Earnest Money - this is money put down to demonstrate your seriousness about buying a home. It must be substantial enough to demonstrate good faith and is usually between 1-5% of the purchase price (though the amount can vary with local customs and conditions). If your offer is accepted, the earnest money becomes part of your down payment or closing costs. If the offer is rejected, your money is returned to you.

Escrow Account - established by your lender, an escrow account is a place to set aside a portion of your monthly mortgage payment to cover annual charges for homeowner's insurance, mortgage insurance (if applicable), and property taxes.

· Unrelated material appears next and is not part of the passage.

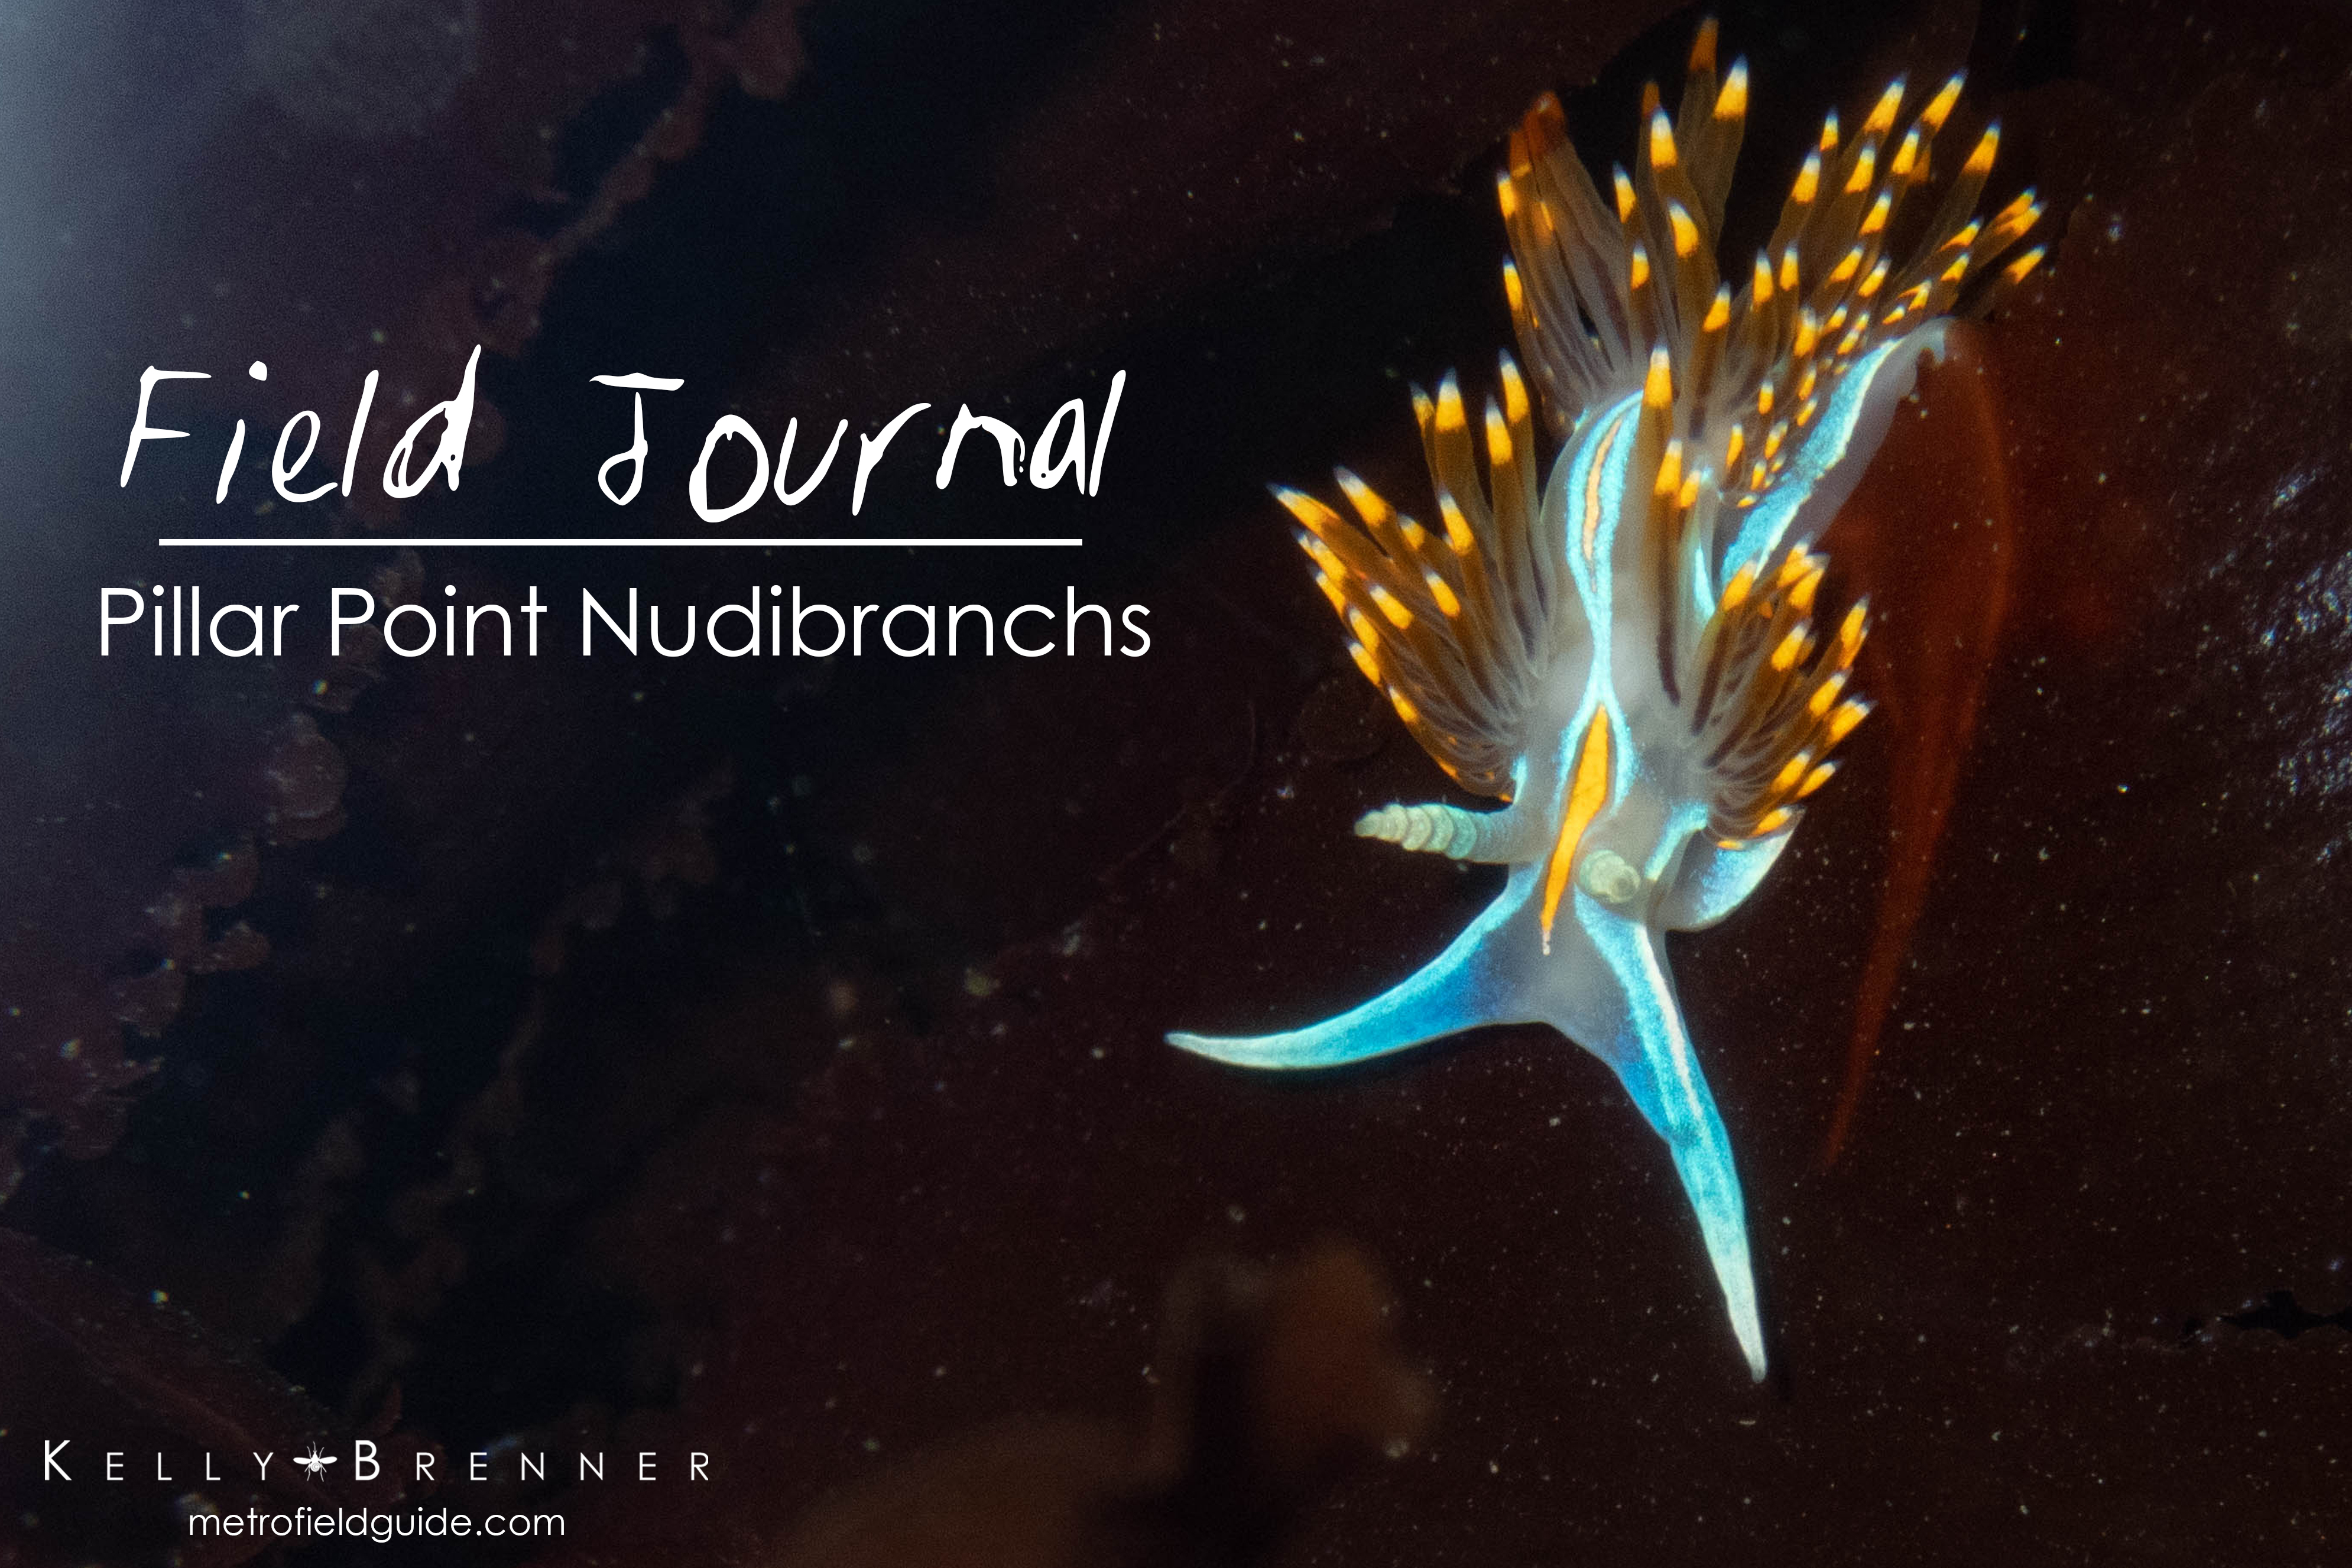 Field Journal: Pillar Point

Loan to Value Ratio - The LTV ratio is the amount of money you borrow compared with the price or appraised value of the home you are purchasing. Each loan has a specific LTV limit. For example: with a 95% LTV loan on a home priced at $50,000, you could borrow up to $47,500 (95% of $50,000), and would have to pay $2,500 as a down payment. The LTV ratio reflects the amount of equity borrowers have in their homes. The higher the LTV ratio, the less cash homebuyers are required to pay out of their own funds.

PMI - stands for Private Mortgage insurance. These are privately-owned companies that provide mortgage insurance, offering standard and special affordable programs for borrowers. These companies provide guidelines to lenders that detail the types of loans they will insure. Lenders use these guidelines to determine borrower eligibility.

Pre-approval - a lender's actual commitment to lend to you. It involves assembling certain financial records and going through a preliminary approval process. Pre-approval gives you a definite idea of what you can afford and shows sellers that you are serious about buying.

Pre-qualification - an informal way to see how much you may be able to borrow. Some lenders will "pre-qualify" an individual without paperwork, if they know the individual's income, long-term debts, and how much money is available for a down payment. Pre-qualification helps you arrive at a ballpark figure of the amount you may have available to spend on a house.

RESPA - stands for Real Estate Settlement Procedures Act. It requires lenders to disclose information to potential customers throughout the mortgage process. RESPA mandates that lenders fully inform borrowers about all closing costs, lender servicing and escrow account practices, and business relationships between closing service providers and other parties to the transaction.